Short-range ordering in a battery electrode, the ‘cation-disordered’ rocksalt Li_1.25Nb_0.25Mn_0.5O₂

Powder diffraction data, left, X-ray crystal structure, centre, and battery performance, right, the the more ordered and less ordered forms of LiNbMnO.

This work was carried out in collaboration with the groups of Prof Clare Grey and Dr Siân Dutton at the University of Cambridge.

Summary by Mike Jones

Li_1.25Nb_0.25Mn_0.5O₂ is a promising new cathode material for Li-ion batteries. It has a reversible capacity to rival that of current state-of-the-art materials, which is thought to be achieved in part through the reversible reduction and oxidation (‘redox’) of oxygen. This O redox is an important but poorly understood phenomenon at present. It is thought to occur in addition to traditional transition metal (TM) redox, which is the way in which charge is stored (and released) in current battery materials. The greater-than 1:1 Li:TM ratio means that more Li can be accommodated per unit volume than commercial battery materials such as LiCoO₂ and Li[NiMnCo]O₂, and the O redox provides an extra redox couple through which to turn this extra Li storage into extra energy density.

The majority of crystalline materials consist of an ordered array of different elements or ions, each occurring at regular intervals.

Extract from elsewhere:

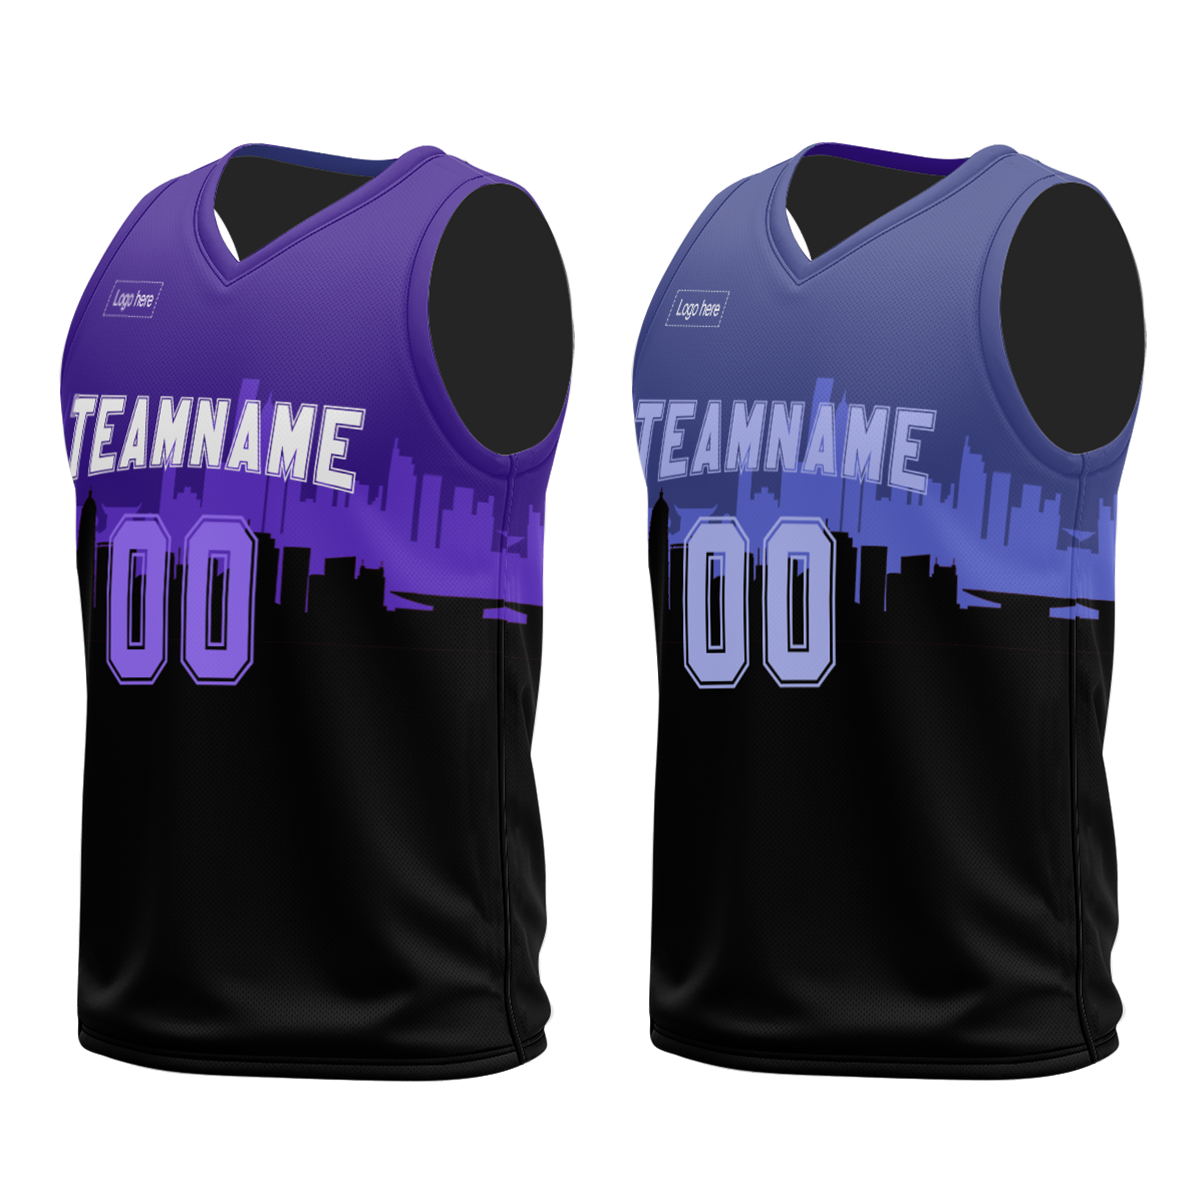 high-quality-unique-basketball-jersey-pattern-design-full-sublimation-digital-printing-oem-service-basketball-uniform-at-cj-pod-5

Current commercial Li-ion batteries contain ordered lithium transition metal oxides—for example LiCoO₂ consists of alternating layers of LiO₆ and CoO₆ octahedra. However, some materials form disordered arrays, with a supposedly completely random distribution of ions throughout the crystal lattice. Cation-disordered materials, where the metals have a disordered distribution, have been for many years ignored as potential cathode materials—as they were assumed to have poor Li diffusion throughout the structure. It has recently been found that this cation-disorder can in fact enable easier motion of the Li-ions, as well as improved O redox and a greater structural stability compared to ordered, layered materials. They have therefore recently garnered considerable interest, and are now the focus of intense research as promising new energy materials. However, while these materials lack long-range cation order, the short-range structure of these materials—i.e. whether the cations are truly randomly distributed across the crystal lattice—is still poorly understood, leaving the structural roots of their interesting redox chemistry obscure.

Using a combination of long-range and local structural probes, including X-ray diffraction, neutron pair distribution function analysis, magnetic susceptibility and NMR spectroscopy, we have uncovered short-range cation order in nominally cation-disordered Li_1.25Nb_0.25Mn_0.5O₂. This local ordering is related to the ordered rocksalt γ-LiFeO₂, where Li and Fe order onto two separate interpenetrating metal sub-lattices. It can be rationalised by considering the principle of electroneutrality—i.e. by considering a preference for the local ionic charges to balance throughout the material. We demonstrate a correlation length of approximately 125 Å, which is an order of magnitude greater than any previously reported for similar materials. This degree of ordering has significant implications for the electrochemical performance of this (and related) phases, and is highly sensitive to the synthesis conditions.